View Full Version : Is it practical to have government manage retirement funded by taxpayers?


desi
10-09-07, 05:54 PM
It seems like government funded retirement is based on a pyramid scheme which is bound to implode sooner or later. What do you make of this?

nietzschefan
10-09-07, 05:59 PM
It's ok, capitalism itself is a pyramid scheme.

Baron Max
10-09-07, 07:17 PM
It seems like government funded retirement is based on a pyramid scheme which is bound to implode sooner or later. What do you make of this?

Where would the government get the money????

Baron Max

TruthSeeker
10-09-07, 07:29 PM
Is it practical to have government manage retirement funded by taxpayers?
No. Who ever said the government is practical?

desi
10-09-07, 09:53 PM
Why do we put up with it if everyone knows its a bunch of nonsense?

TruthSeeker
10-10-07, 01:32 AM
The government owns the police and the army. Does that answer your question?

desi
10-10-07, 08:19 AM
The government owns the police and the army. Does that answer your question?

Theoretically we can vote people into office who will do our bidding despite the police and army being there.

iceaura
10-11-07, 12:31 AM
I don't know of any government managed retirement pyramid scheme.

There's Social Security, but that's just welfare for old folks.

vslayer
10-11-07, 01:25 AM
Why do we put up with it if everyone knows its a bunch of nonsense?

because the government keeps us from organising and conspiring against them through anti-sedition laws. at best we could take out a few cops with us, but without anyone to continue the fight our actions would do nothing but increase public sympathy for the police.

government is the enemy of democracy and must be destroyed.

Pandaemoni
10-11-07, 10:21 AM
It seems like government funded retirement is based on a pyramid scheme which is bound to implode sooner or later. What do you make of this?

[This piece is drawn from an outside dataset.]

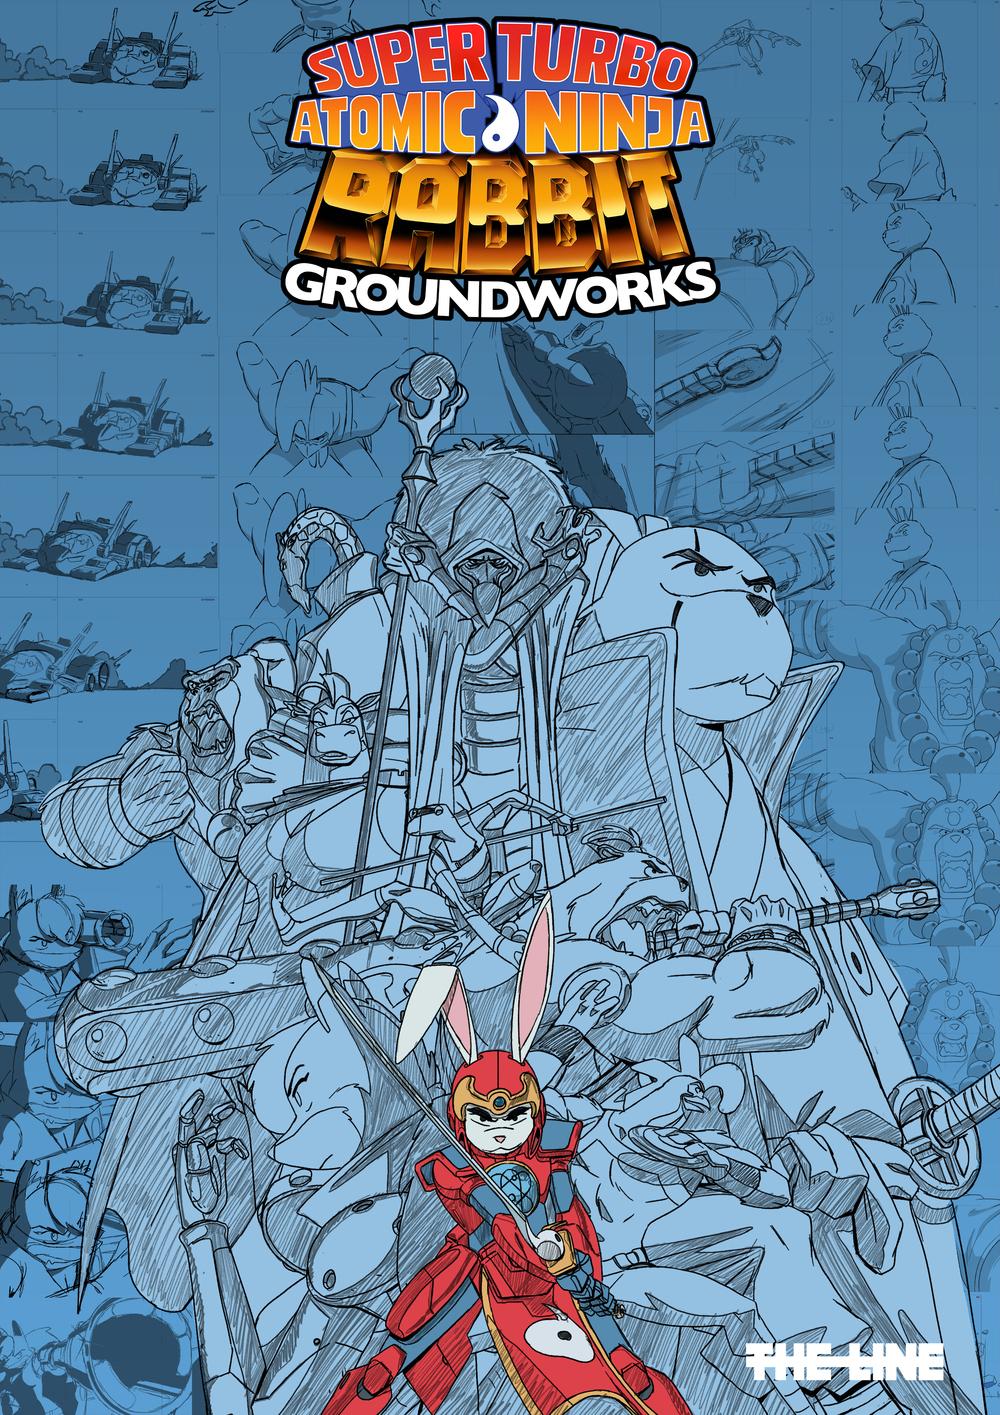 Super Turbo Atomic Ninja Rabbit Art Book

A "pyramid scheme" is more aptly used to describe a system in which Person A makes money because he gets B and C to pay him, Then B and C each have to find two (or more) people (D, E, F and G) who each have to find two more...and so on. The money only flows so long as there are more people being added to the system than were admitted in the previous level. Since you will eventually run out of people to add...the pyramid falls apart.

Social insurance, on the other hand, does not necessarily have to rely on the next generation being larger than the prior one. In fact you could have one, two or more retirees per payor...it would mean that either the taxes on the single payor would be pretty high (or the benefits to the tetirees small, or a bit of both), but it can be done.

It is more properly described as "robbing Peter to pay Paul," but the only way the system really falls apart is if the income of the next generation insufficient to pay the retirement benefits of the retired generation (i.e. you rob Peter, and find that he only has about half of what you owe Paul), but mere "sufficiency" is a different standard than the steady cash flow growth required to maintain a pyramid scheme. Since the income needs of retirees is usually a good bit less than total income of working people from ages 18-60ish, it seems unlikely that the (present) growth in the income needs of retirees is likely to exceed that sort of mere sufficiency threshold (though the rapidly rising cost of medical care for the elderly makes me less sanguine about that than I once was). The income needs of retirees is definitely growing, but a lot of that is a baby boom effect, that will pass...and then the income requires will fall to more manageable levels.

Solution: Encourage baby boomers to live dangerously.

iceaura
10-11-07, 01:33 PM
Solution: Encourage baby boomers to live dangerously. I like that. That could work.

desi
10-11-07, 07:18 PM
Maybe we should start drafting retirees for service in Iraq.

TruthSeeker
10-12-07, 12:52 AM
Theoretically we can vote people into office who will do our bidding despite the police and army being there.